## Data excerpts
┄┄┄┄┄┄┄┄┄┄┄┄┄┄┄┄┄┄┄┄
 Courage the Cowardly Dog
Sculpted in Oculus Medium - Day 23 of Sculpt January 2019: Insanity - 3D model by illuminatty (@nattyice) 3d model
┄┄┄┄┄┄┄┄┄┄┄┄┄┄┄┄┄┄┄┄
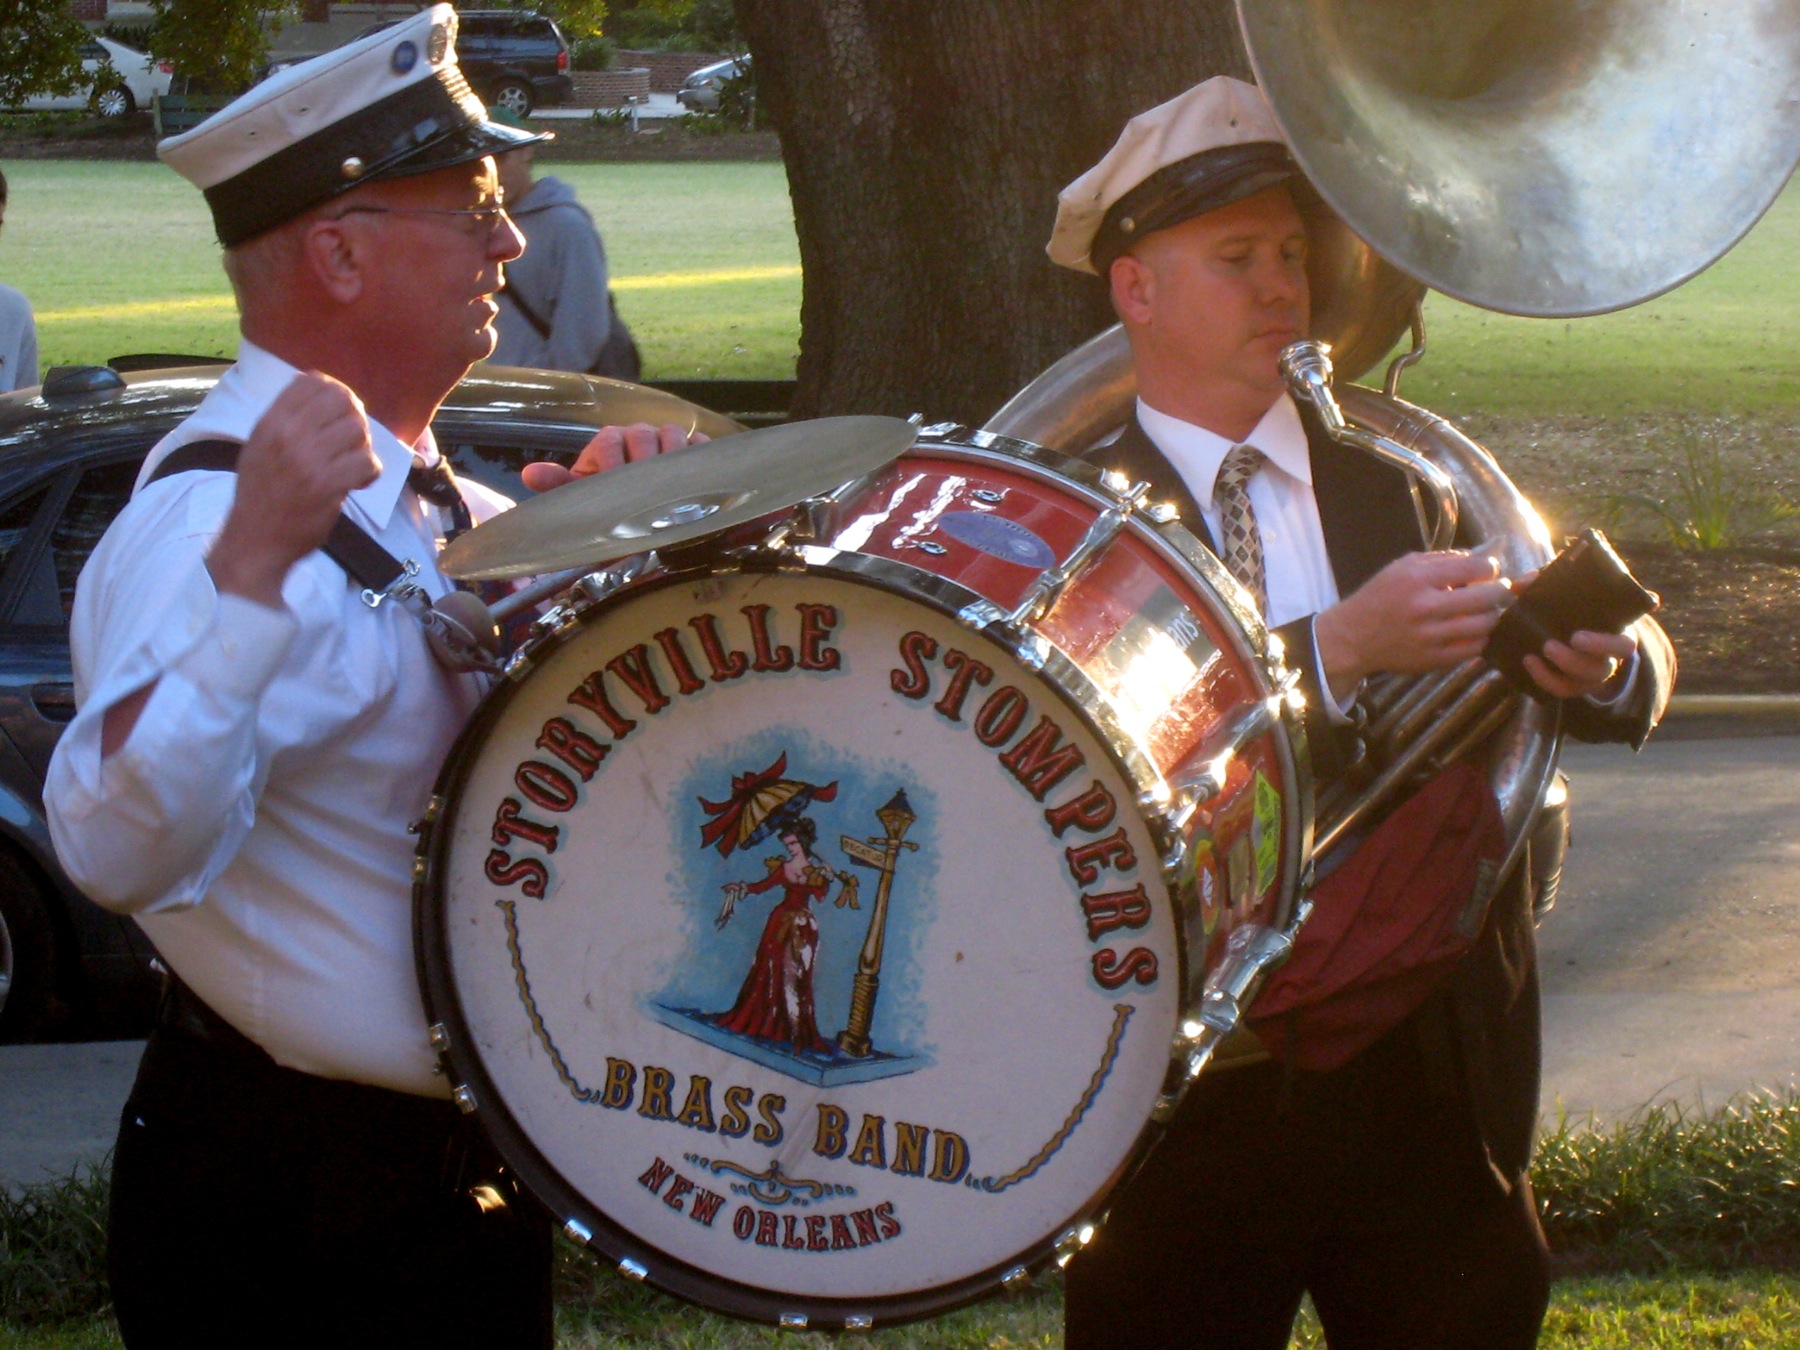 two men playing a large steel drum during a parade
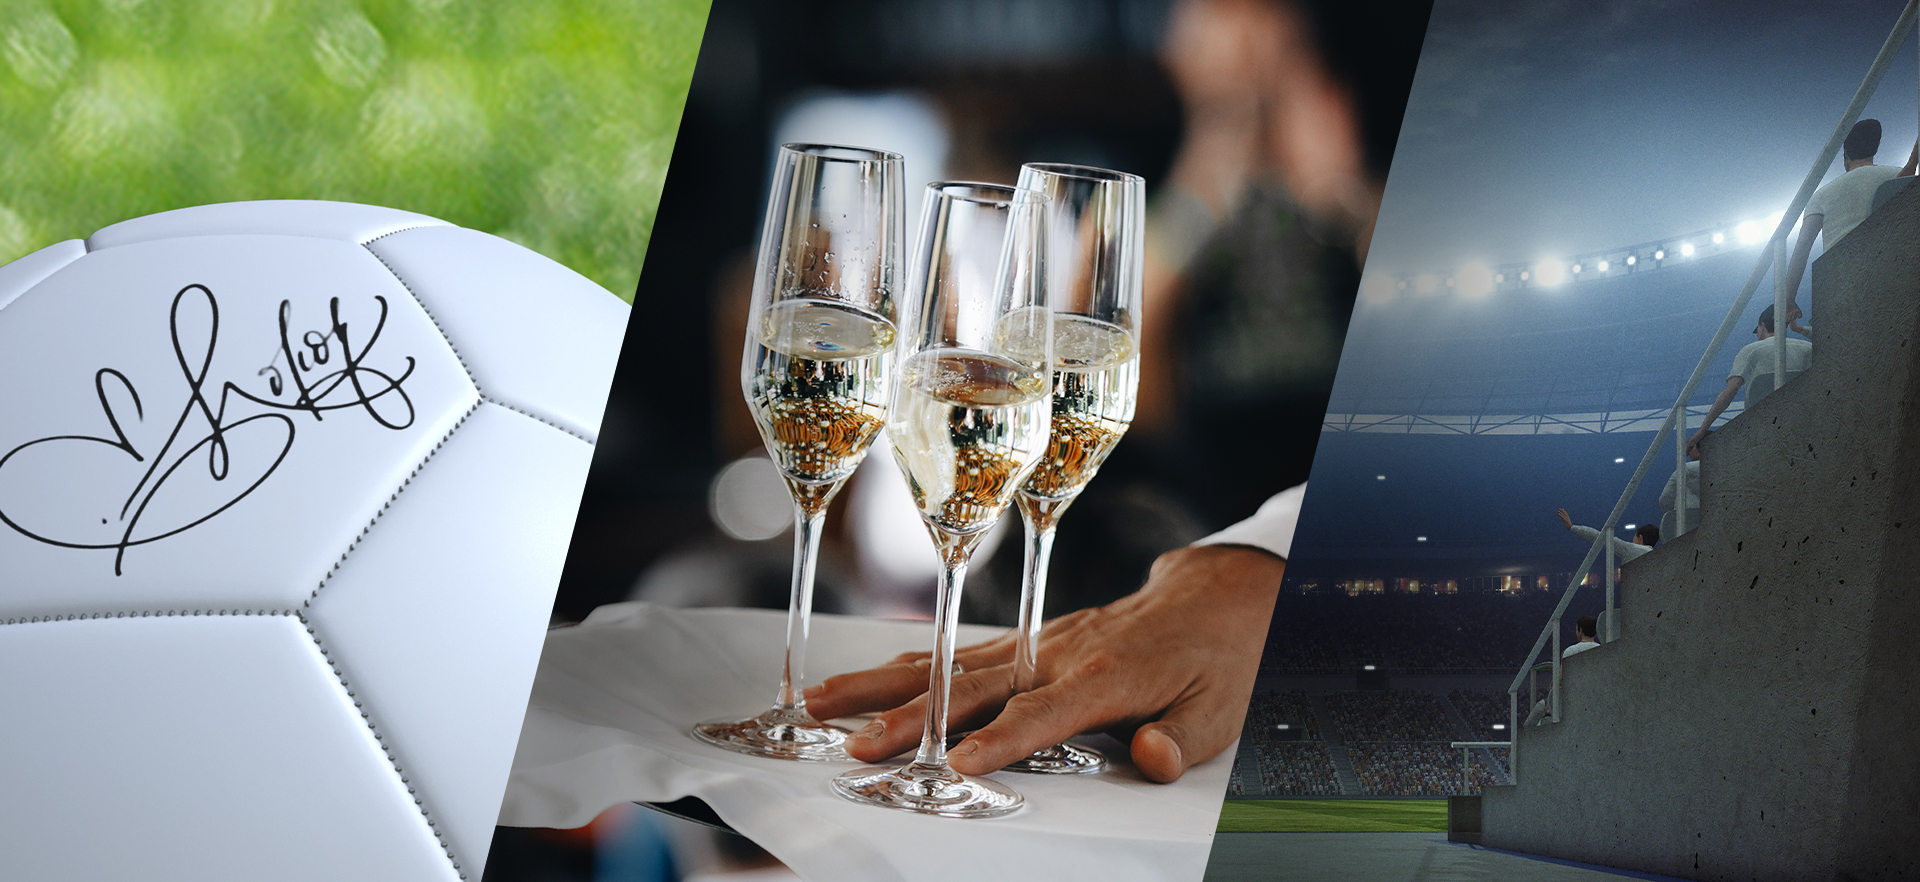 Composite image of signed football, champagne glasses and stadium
┄┄┄┄┄┄┄┄┄┄┄┄┄┄┄┄┄┄┄┄
## Work order
Using the records above, repeat exactly the run of lines that starts with the line with "two men playing" and goes on through the line with "Composite image of"; omit each picture.

## Written response
 two men playing a large steel drum during a parade
 Composite image of signed football, champagne glasses and stadium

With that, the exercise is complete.